2.5 Bone pit resorption assay
Bone slices were placed in 96-well plates and inoculated at 1 × 104 cells/well in complete medium (30 ng/mL M-CSF, 50 ng/mL RANKL) with variable NBP concentrations (0, 5, 10, and 20 μM) for 5 days. An electron microscope was used to visualize the samples (Hitachi Ltd. Regulus 8100), and the absorbed area of the bovine bone slices was calculated by ImageJ v1.8.0.

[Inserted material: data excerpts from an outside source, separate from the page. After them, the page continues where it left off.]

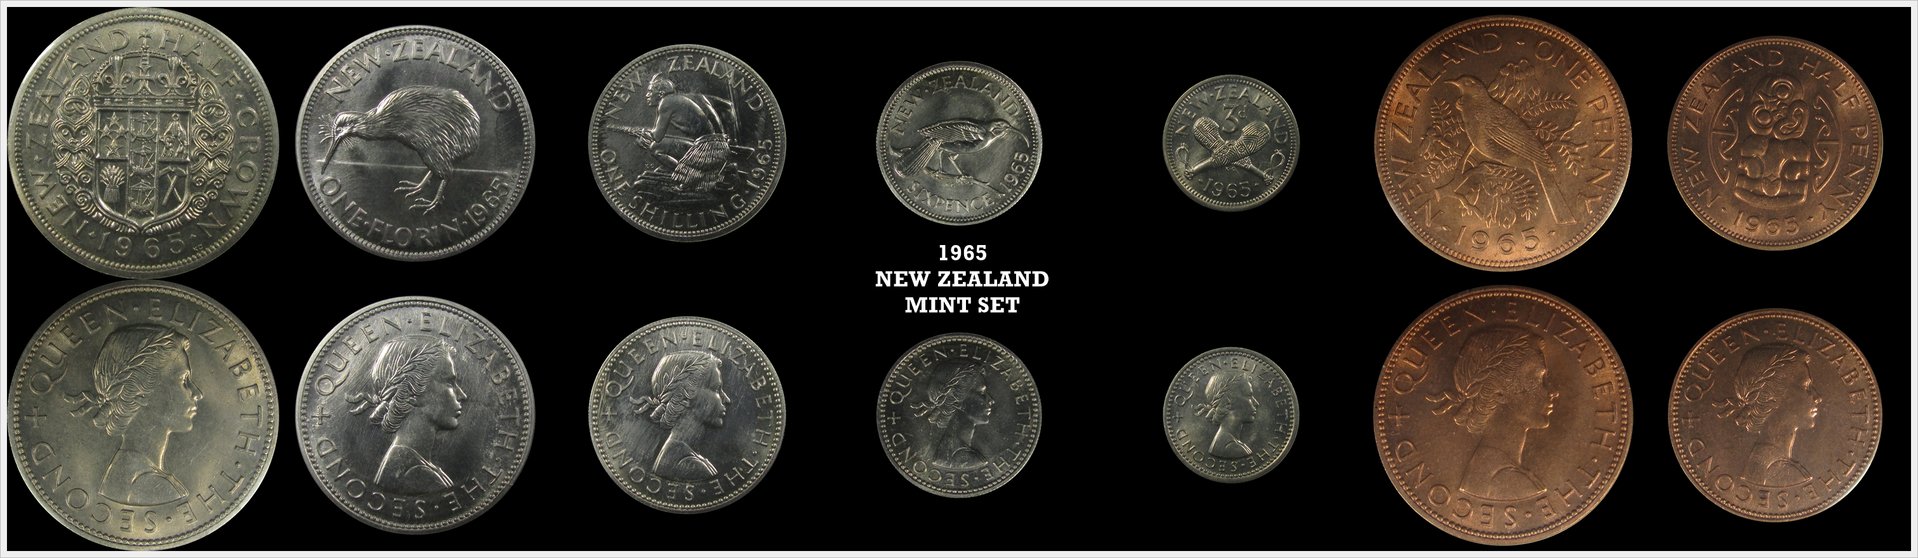 New Zealand 1965 Mint Set.jpg
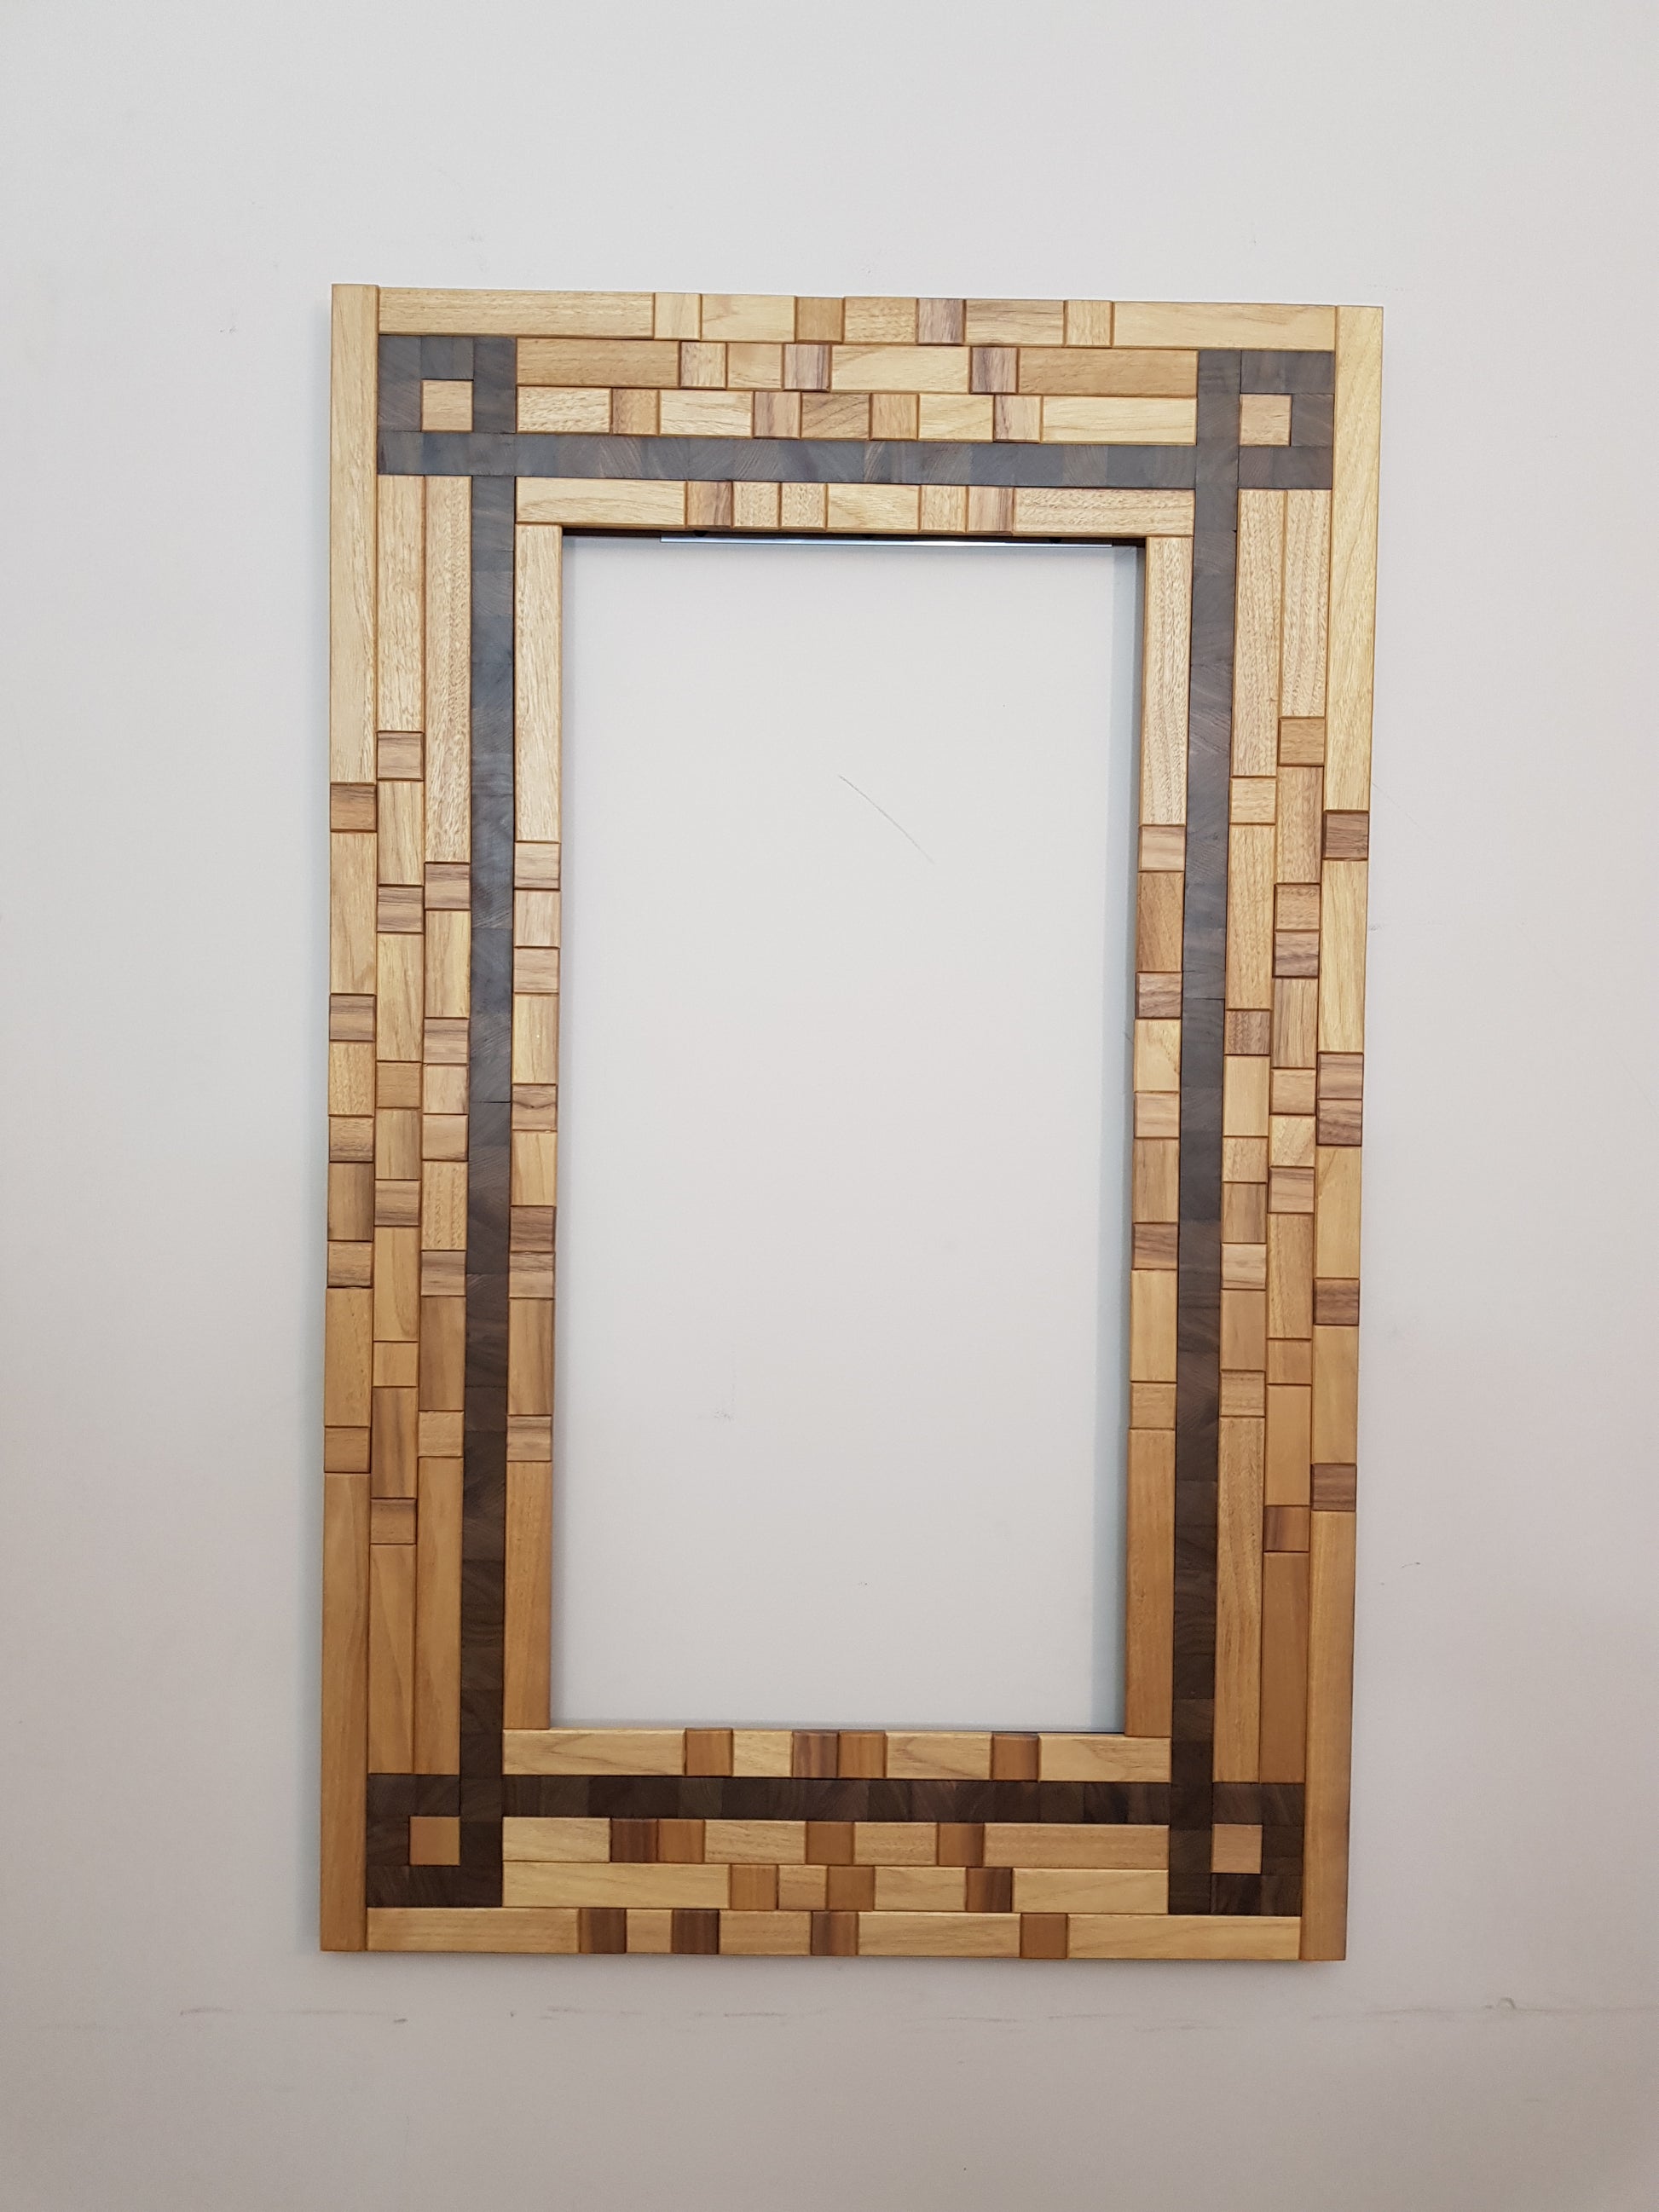 Large centrepiece statement mirror in walnut, picture frame artwork
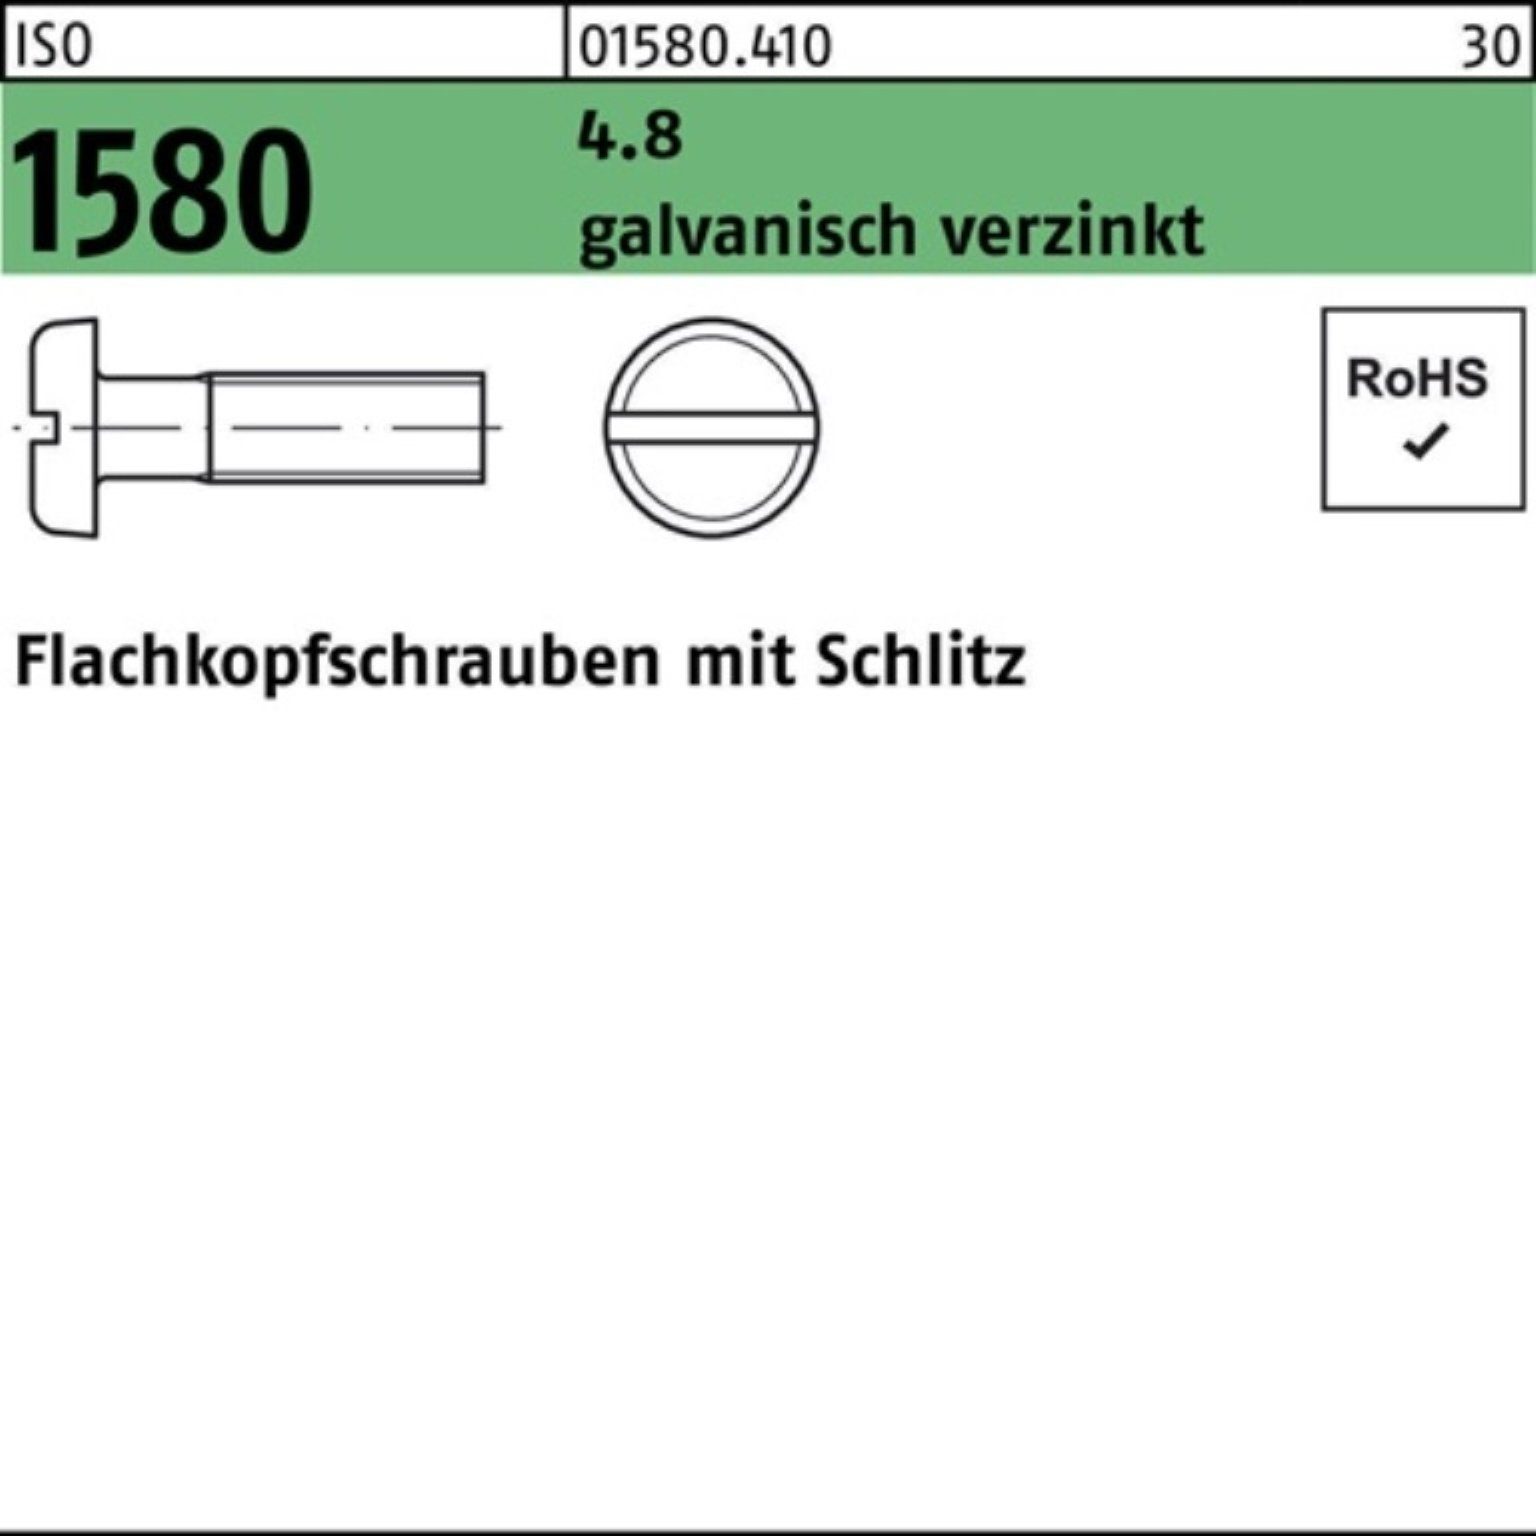 ISO Flachkopfschraube 1580 4.8 1 Reyher 10 Schlitz 1000er Pack galv.verz. Schraube M6x
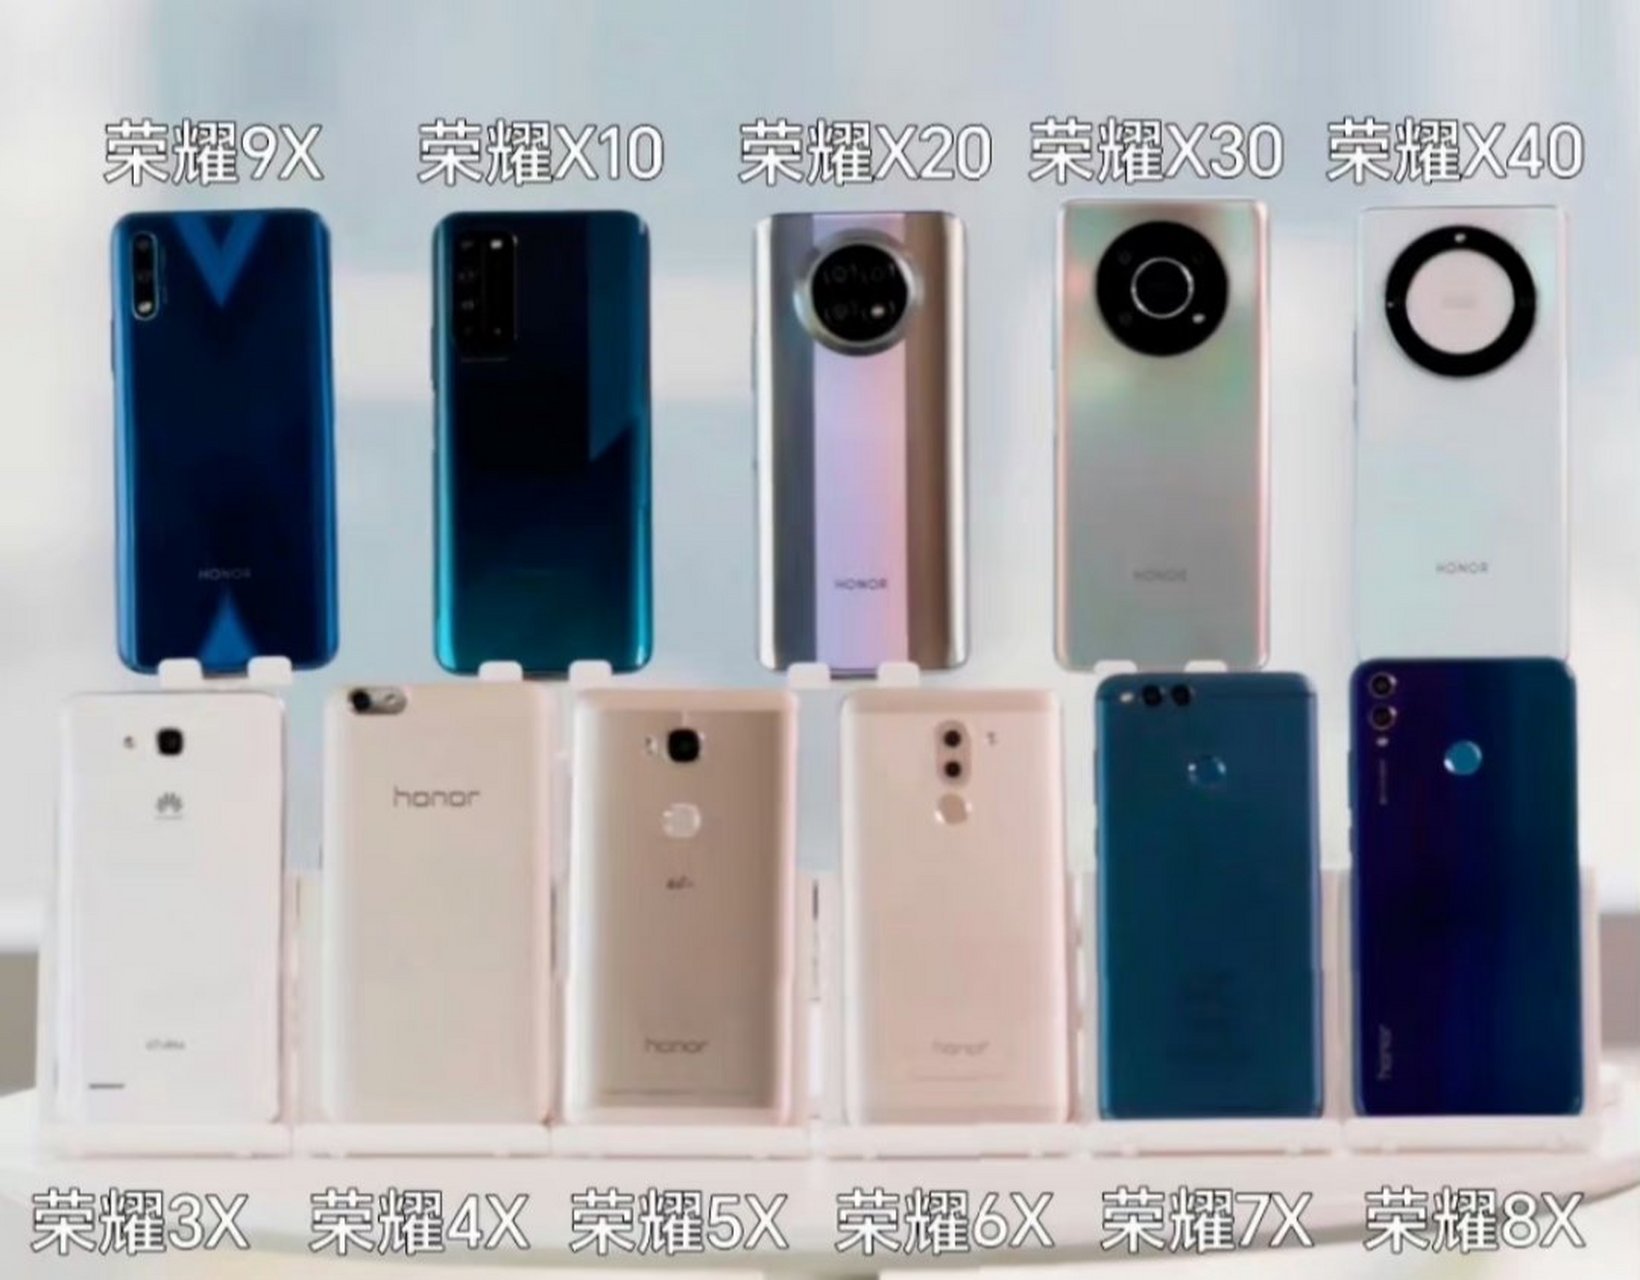 荣耀手机近期展示了历代荣耀x系列产品,很多产品都非常经典,但荣耀9x

2.6 RNA extraction and analysis
After 6 days of NBP intervention, the cells underwent lysis through the addition of TRIzol reagent. Total RNA was subsequently extracted. Total RNA was reverse transcribed to cDNA using the cDNA Synthesis Kit (Thermo Fisher Scientific, United States). The amplification of specific sequences was performed using the StepOne System (Thermo Fisher Scientific, United States) following the manufacturer’s protocol. The primers used are listed in Table 1.
TABLE 1.
The specific primers used in qRT-PCR.
| Gene | NCBI ID | Primer Sequence (5-3′) | |
|---|---|---|---|
| Forward | Reverse | ||
| Nfatc1 | 18,018 | GGTGCTGTCTGGCCATAACT | GAAACGCTGGTACTGGCTTC |
| Fos | 14,281 | CCAGTCAAGAGCATCAGCAA | AAGTAGTGCAGCCCGGAGTA |
| Ctsk | 13,038 | AGGCGGCTCTATATGACCACTG | TCTTCAGGGCTTTCTCGTTC |
| Mmp9 | 17,395 | CGTGTCTGGAGATTCGACTTGA | TTGGAAACTCACACGCCAGA |
| Atp6v0d2 | 242,341 | GTCCCATTCTTGAGTTTGAGG | GGATAGAGTTTGCCGAAGGTT |
| Acp5 | 11,433 | TGTGGCCATCTTTATGCT | GTCATTTCTTTGGGGCTT |
| GAPDH | 14,433 | GGCACAGTCAAGGCTGAGAATG | ATGGTGGTGAAGACGCCAGTA |
2.7 Protein extraction and western blotting
Cells were lysed with the predetermined cell lysis solution (1% PMSF, 1% phosphatase inhibitor and 1% protease inhibitor) at 4°C for 5 min, centrifuged using the Protein Extraction Kit-Column Method at 15,000 × g for 30 s at 4°C, and blended with loading buffer, followed by heating at 95°C for 10 min. Electrophoresis (120 V, 30 min) was then conducted on a 10% precast polyacrylamide gel. The proteins from the gel were subsequently transferred onto a PVDF membrane. (Merck, Germany) (220 V, 120 min), which was then blocked with 5% skim milk for 1.5 h. Samples, along with specific primary antibodies, were incubated on a shaker at 4°C for 12 h and then incubated for 1 h with fluorescence-labeled secondary antibodies. Final scans were performed using an Odyssey (LI-COR Biosciences, United States) near-infrared fluorescence imaging scanner, and the band gray values were measured by ImageJ v1.8.0.
2.8 Fluorescence staining for NFATc1 nuclear translocation
BMMs were inoculated in culture dishes with medium containing M-CSF, RANKL, and variable NBP concentrations for 7 days. A 4% paraformaldehyde solution was utilized to preserve the cells for 30 min, and then 0.1% Triton X-100% and 3% BSA were added and incubated for 5 min and 20 min, respectively. The samples were washed in 0.2% BSA solution and then incubated overnight with NFATc1 antibodies. On the following day, fluorescent secondary antibodies were introduced for incubation and DAPI staining and visualized with the EVOS FL Auto2 imaging system.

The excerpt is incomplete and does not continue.